THE QUIET man of the mountains is standing down as leader of Oldham Mountain Rescue Team after 25 years.

mick neild
Mick Nield with Bob

Over the decades, Mick Nield, 50, has earned the team an enviable accolade for creating “the best morale and family spirit of all UK mountain rescue services”.

After the announcement, the team’s website was flooded with praise for the father of two for his unswerving dedication and unstinting commitment to the community.

In response, Mick said: “A big thank you for all the kind comments – they have all been truly humbling.

“The last 25 years have been a pleasure – not always easy, but a pleasure. But without a good team, it would not have been possible to put up with it for so long.

“Big thanks must go to the team deputies that have supported me – they have been a rock.

“Most of all I have to thank my family, Trish and the girls who have taken a back seat for so long, and much is owed to all the mountain rescue family.”

Dr Andrew Taylor, a Team member, said: “I had been in OMRT for 12 years when Mick Nield joined.
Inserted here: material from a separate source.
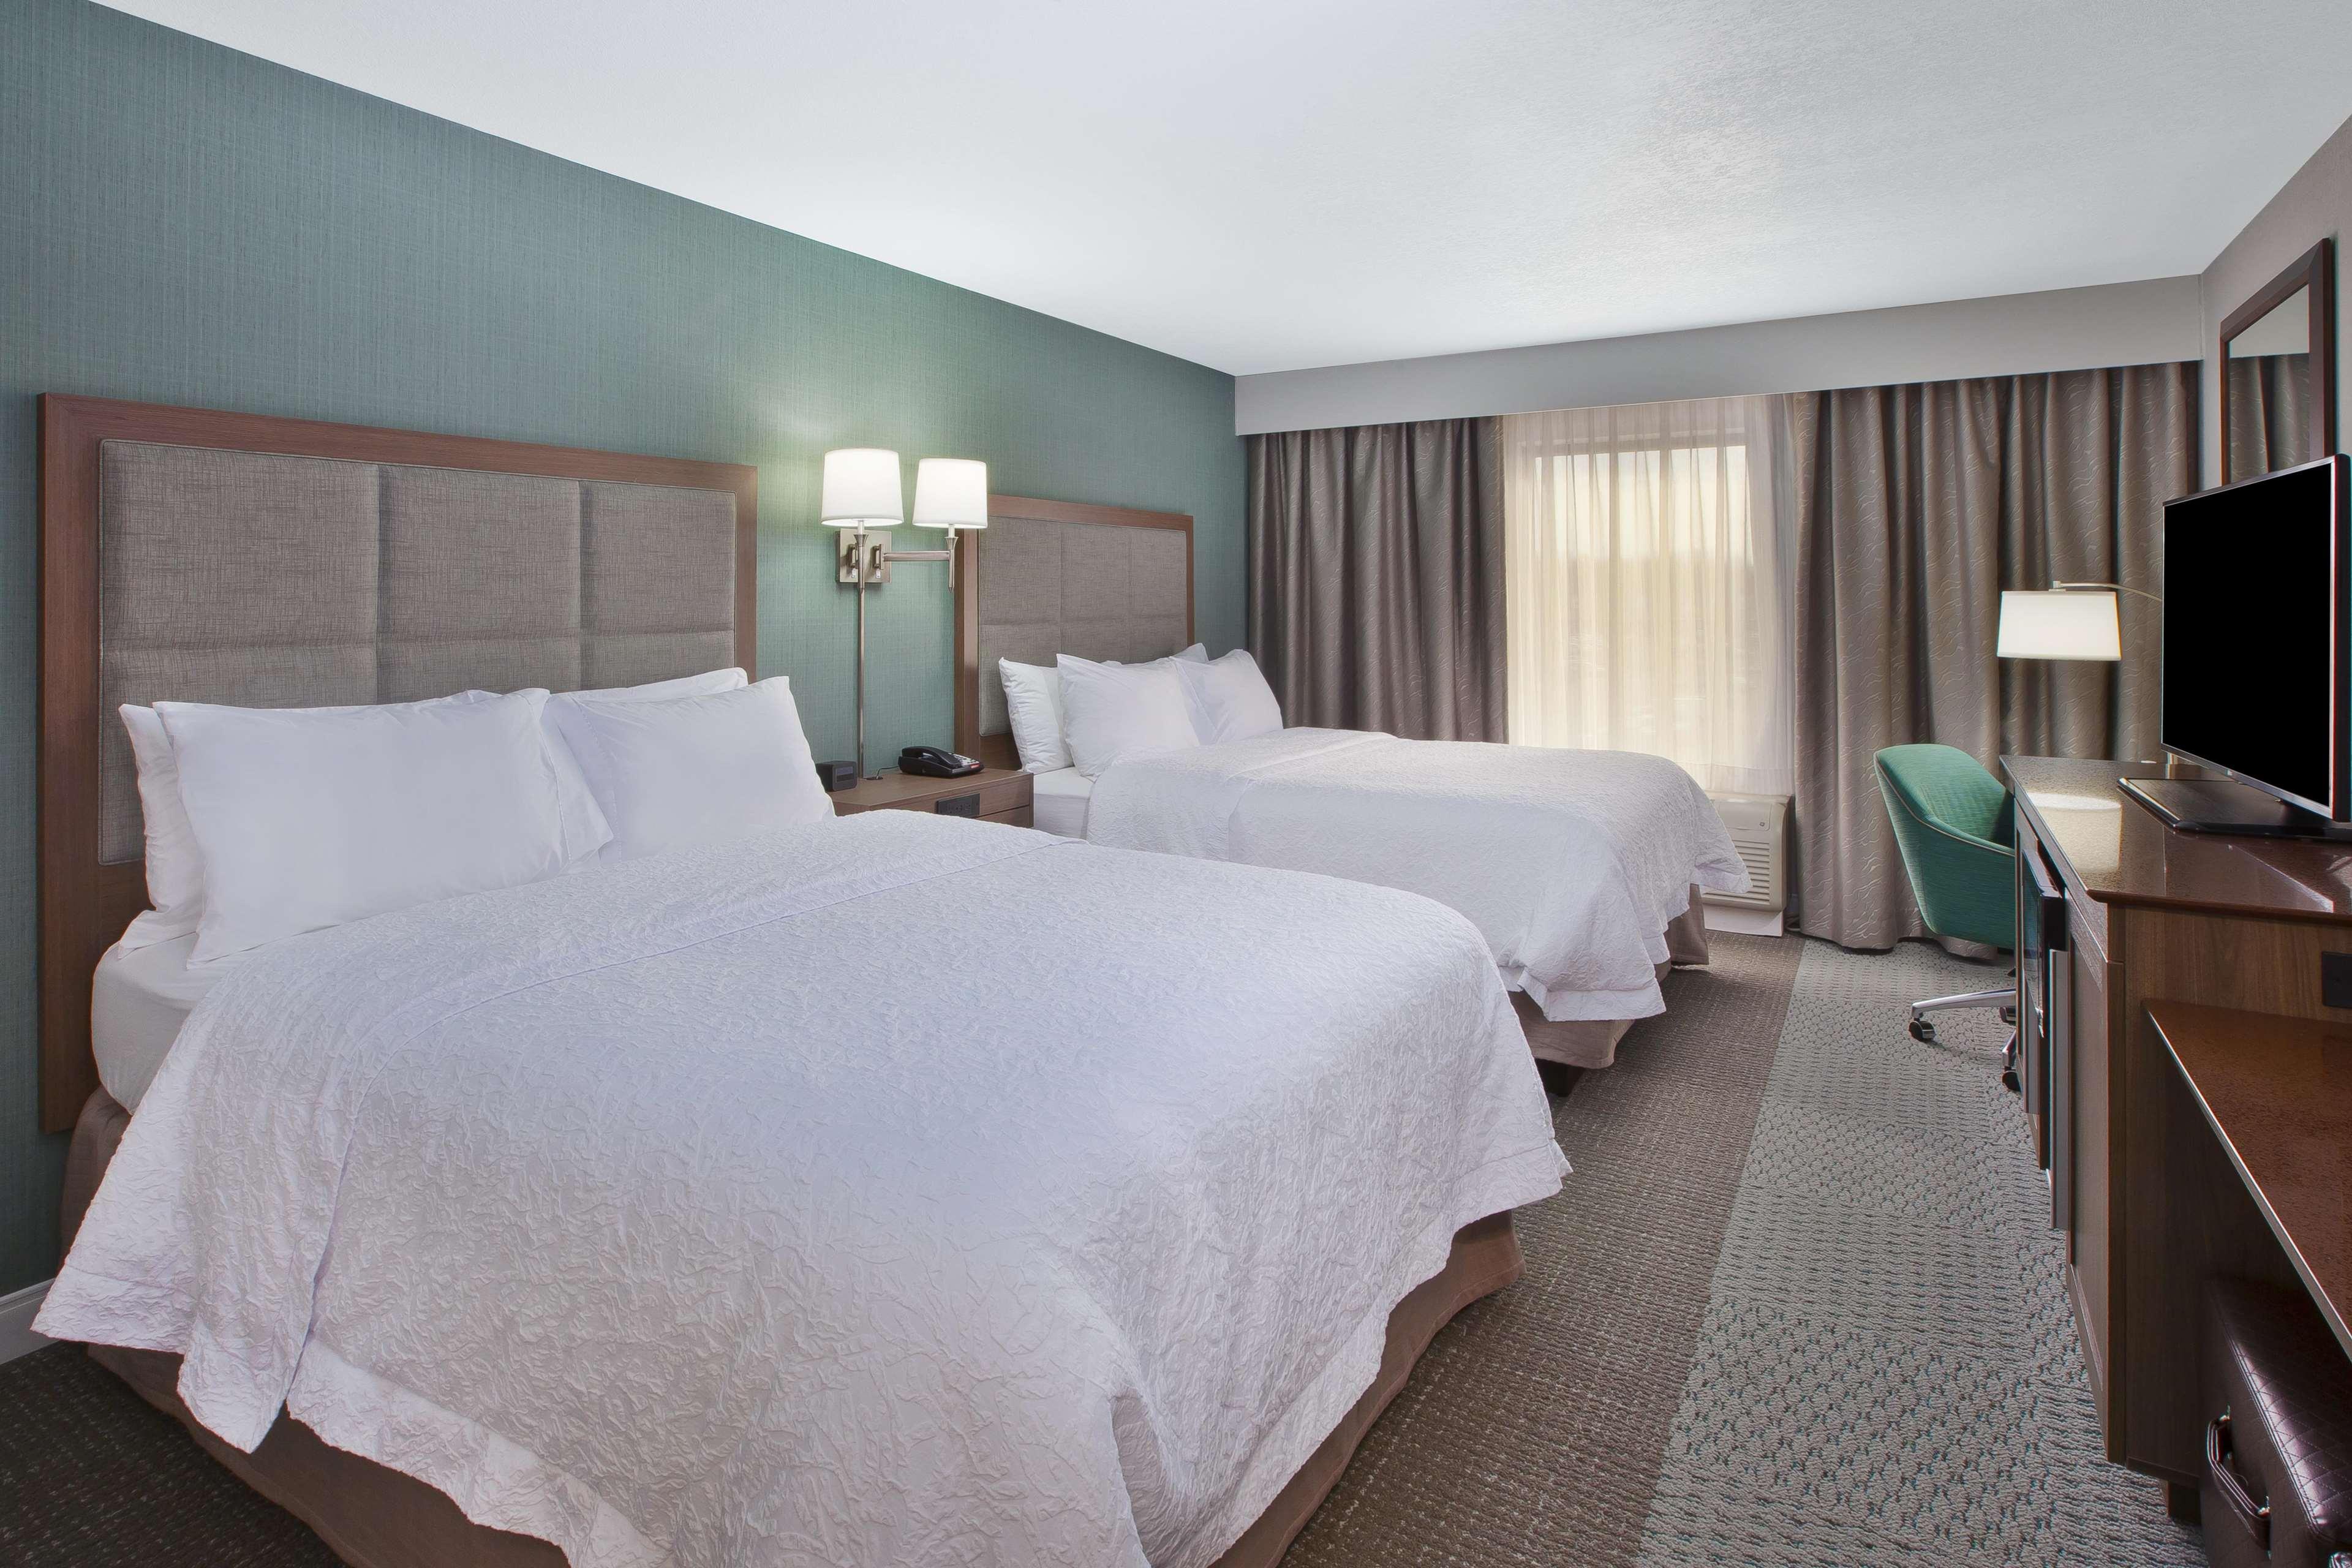 Hampton Inn & Suites Alliance image 14

He was obviously perfect rescue team material as an open, friendly young man with a joy for life and the outdoors.

“He had all the attributes – in spades – to be a very useful team member, and he showed this on our first major call-out after he had joined. This was a three-day marathon search amongst the debris from the Lockerbie air crash in December 1988.
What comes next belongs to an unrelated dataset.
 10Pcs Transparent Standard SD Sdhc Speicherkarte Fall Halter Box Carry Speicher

“The work was busy, prolonged, distressing and geographically wide-ranging. Mick’s energy, good humour, hard work and organising abilities already showed at that time.

“Small wonder, then, that when the team needed to select a new leader only three years after Mick had joined, he was voted in unopposed.

“His leadership skills from the outset showed us senior members a way forward to a more efficient and friendlier organisation than we had ever been – and we were good before!

“Moving into the 21st century provided many challenges with information technology, communications, bureaucracy, paperwork and the distant phantom of possible litigation.

“Mick has grasped each one of these areas of advancement and under his leadership OMRT has always been at the forefront of innovation and adoption.

“And as if all that were not enough, Mick felt the need to be a search dog handler. He got a dog – the delightful Bob – and in the shortest possible time became a fully trained handler with a fully graded dog and several very good “finds” to their name.

“OMRT has the best morale and family spirit of all the teams in UK Mountain Rescue, and every member will agree this is down to Mick’s unique style of leadership and the time he has spent on it – for which the team is ever grateful to his long-suffering family for sharing Mick with his other family.

“Very big shoes to fill, but in true Mick style he has spent many months ensuring that his successor, Matt, has everything in place for a smooth change-over.”

Mick will remain as a director and trustee of the team which will be headed up by new leader Matt Neild.